- Born: January 11, 1948 Coimbra, Portugal
- Died: June 13, 1997 (aged 49) Lisbon, Portugal
- Occupations: Poet, novelist and editor
- Writing career
- Pen name: Al Berto
- Notable awards: Prémio Pen Club, Ordem Militar de Santiago da Espada

= Al Berto =

Portuguese writer pseudonym

Al Berto was the pseudonym used by the Portuguese poet, painter, editor and cultural programmer Alberto Raposo Pidwell Tavares (January 11, 1948 – June 13, 1997).

== Life ==
Born in a family of the upper class bourgeoisie (English origin by the paternal grandmother). A year later he moved to the Alentejo. His father died early, in a car accident. In Sines he spends all his childhood and adolescence, until the family decides to send him to the art school Escola António Arroio, in Lisbon.
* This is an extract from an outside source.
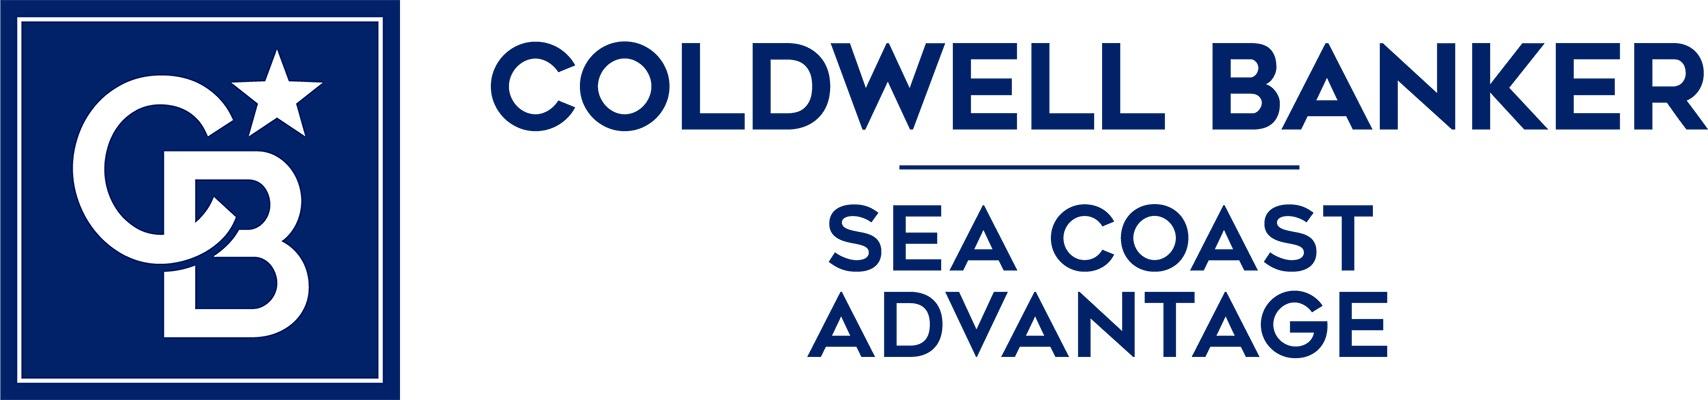 Jim Blair - Coldwell Banker Sea Coast Advantage Realty Logo

On April 14, 1967, a military refractory, he went to live in Belgium, where he studied painting at the École Nationale Supérieure d'Architecture et des Arts Visuels (La Cambre) in Brussels. After completing the course, he decides to quit painting in 1971 and dedicated himself exclusively to writing.
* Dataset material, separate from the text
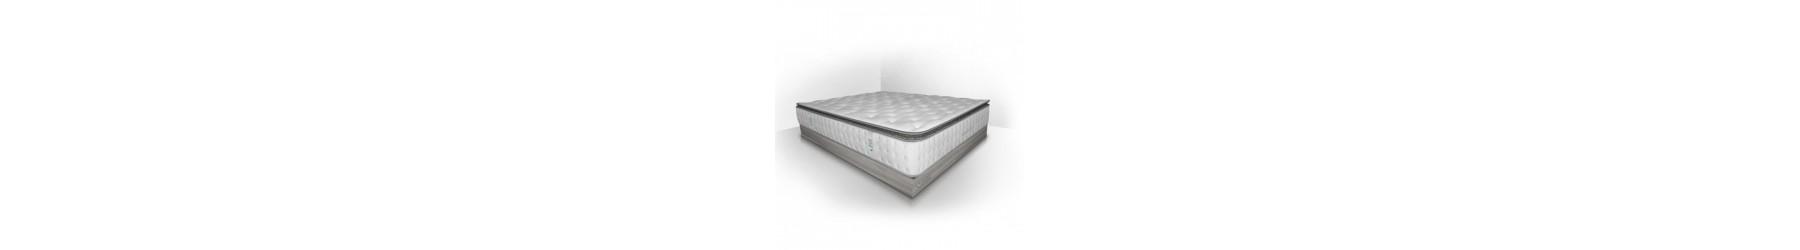 ECO SLEEP Στρώματα με ανατομικό και ορθοπεδικό σχεδιασμό

During this period he lived in a community of hippy artists and, following a connection with a Belgian girl, would have fathered a child.
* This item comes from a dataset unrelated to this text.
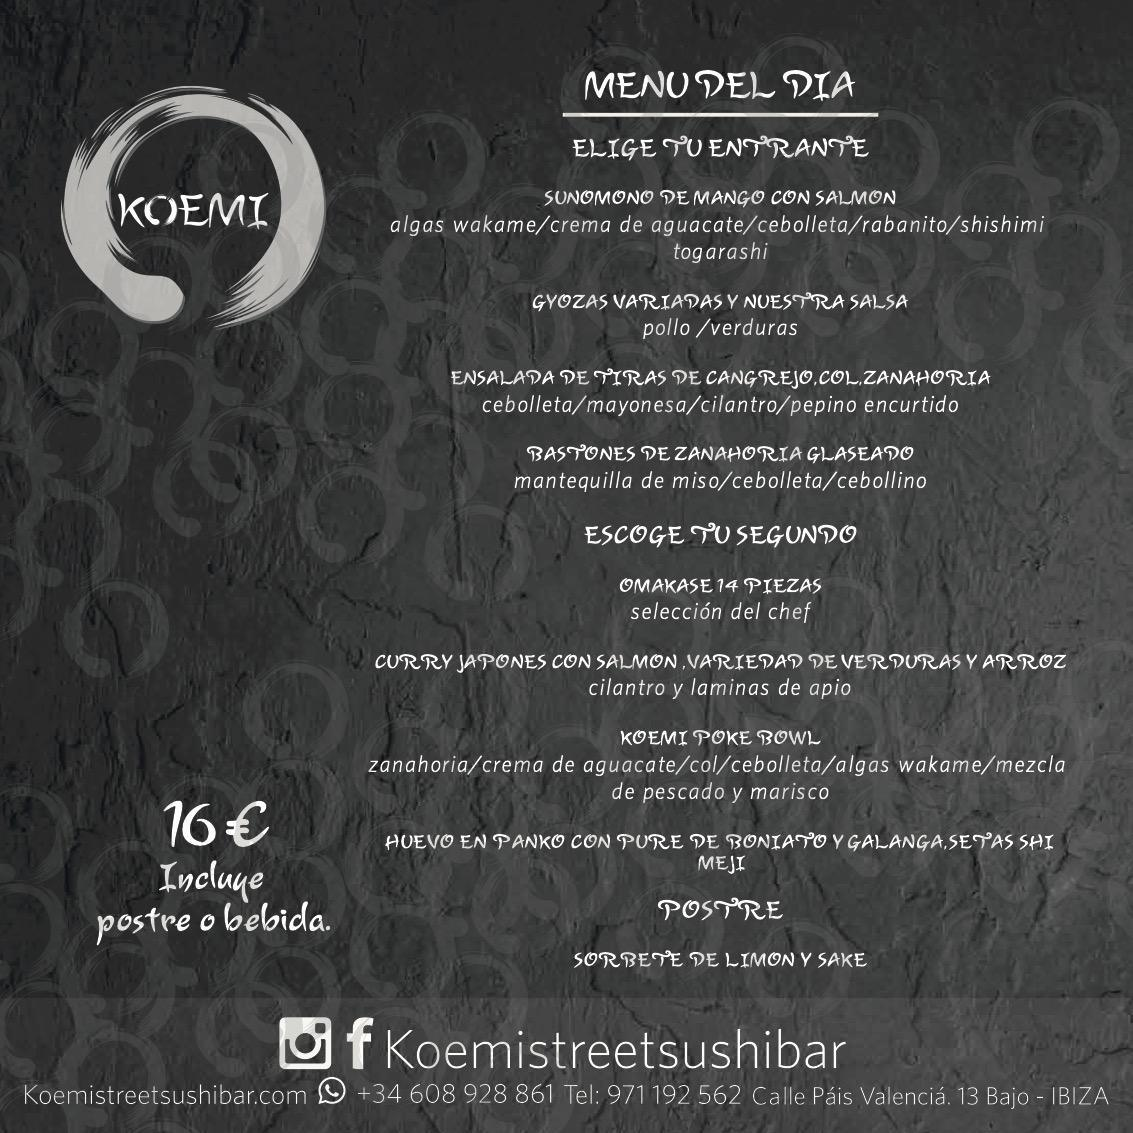 Koemi Street Sushi Bar

Returns to Portugal on November 17, 1974 and writes the first book entirely in the Portuguese language, "À Procura do Vento num Jardim d'Agosto".

"O Medo", an anthology of his work from 1974 to 1986, is published for the first time in 1987. This became the most important work of his career and his definitive artistic testimony, being added in later editions new writings of the author, even after his death.

He also left incomplete texts for an opera, for a photo book about Portugal and a "false autobiography," as the author himself called it.

Al Berto died in Lisbon, on 13 June 1997, of lymphoma, at the age of 49.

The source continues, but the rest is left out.